Title: A Decomposable Causal View of Compositional Zero-Shot Learning
Authors: Muli Yang, Chenghao Xu, Aming Wu, and Cheng Deng
Paper: IEEE Xplore, PDF

Introduction

Abstract: Composing and recognizing novel concepts that are combinations of known concepts, i.e., compositional generalization, is one of the greatest power of human intelligence. With the development of artificial intelligence, it becomes increasingly appealing to build a vision system that can generalize to unknown compositions based on restricted known knowledge, which has so far remained a great challenge to our community. In fact, machines can be easily misled by superficial correlations in the data, disregarding the causal patterns that are crucial to generalization. In this paper, we rethink compositional generalization with a causal perspective, upon the context of Compositional Zero-Shot Learning (CZSL). We develop a simple yet strong approach based on our novel Decomposable Causal view (dubbed “DeCa”), by approximating the causal effect with the combination of three easy-to-learn components. Our proposed DeCa is evaluated on two challenging CZSL benchmarks by recognizing unknown compositions of known concepts. Despite being simple in the design, our approach achieves consistent improvements over state-of-the-art baselines, demonstrating its superiority towards the goal of compositional generalization.

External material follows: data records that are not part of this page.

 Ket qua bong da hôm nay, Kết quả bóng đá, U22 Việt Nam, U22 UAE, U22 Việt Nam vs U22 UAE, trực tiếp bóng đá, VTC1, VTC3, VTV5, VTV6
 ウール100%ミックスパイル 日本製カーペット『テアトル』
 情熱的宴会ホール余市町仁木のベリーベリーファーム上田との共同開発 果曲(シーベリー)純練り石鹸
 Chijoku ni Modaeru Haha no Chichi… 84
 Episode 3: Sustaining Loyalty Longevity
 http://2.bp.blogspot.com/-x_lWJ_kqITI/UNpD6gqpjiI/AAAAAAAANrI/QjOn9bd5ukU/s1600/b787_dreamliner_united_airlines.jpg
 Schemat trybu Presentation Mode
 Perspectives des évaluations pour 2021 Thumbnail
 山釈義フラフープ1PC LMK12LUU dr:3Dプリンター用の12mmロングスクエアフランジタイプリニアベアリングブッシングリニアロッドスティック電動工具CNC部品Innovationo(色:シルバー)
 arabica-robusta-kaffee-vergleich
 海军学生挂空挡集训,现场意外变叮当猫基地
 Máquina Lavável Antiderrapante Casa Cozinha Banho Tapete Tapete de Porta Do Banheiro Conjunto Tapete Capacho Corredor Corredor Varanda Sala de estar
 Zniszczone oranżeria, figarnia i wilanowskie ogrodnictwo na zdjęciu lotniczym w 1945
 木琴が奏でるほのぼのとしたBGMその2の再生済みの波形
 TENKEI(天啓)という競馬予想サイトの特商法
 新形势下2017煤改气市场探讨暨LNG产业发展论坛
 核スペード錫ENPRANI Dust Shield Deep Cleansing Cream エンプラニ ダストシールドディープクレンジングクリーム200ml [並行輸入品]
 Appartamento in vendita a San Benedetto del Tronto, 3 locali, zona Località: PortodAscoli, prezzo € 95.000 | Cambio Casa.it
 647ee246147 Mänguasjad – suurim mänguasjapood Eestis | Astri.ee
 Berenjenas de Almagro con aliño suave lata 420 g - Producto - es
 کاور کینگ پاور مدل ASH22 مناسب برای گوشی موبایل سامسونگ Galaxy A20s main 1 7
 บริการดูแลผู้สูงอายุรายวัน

The causal graph of CZSL, and our decomposable causal view.

Setup

This project is built on top of CZSL. Please follow its instructions to prepare the python environment. Specifically, one can use the following codes to create and activate a conda virtual environment with the specified packages (please first ensure Anaconda or Miniconda is in use):

conda env create --file environment.yml
conda activate czsl

Also, please use the code below to download the datasets and embeddings:

bash ./utils/download_data.sh DATA_ROOT

in which DATA_ROOT is the path where you would like to store the data.

Commands

Training

Please use the following code to train a model:

python train.py --config CONFIG_FILE

in which CONFIG_FILE is the path to the configuration file of the model. One can find it in the ./configs folder, whose original definition can be found in ./flags.py.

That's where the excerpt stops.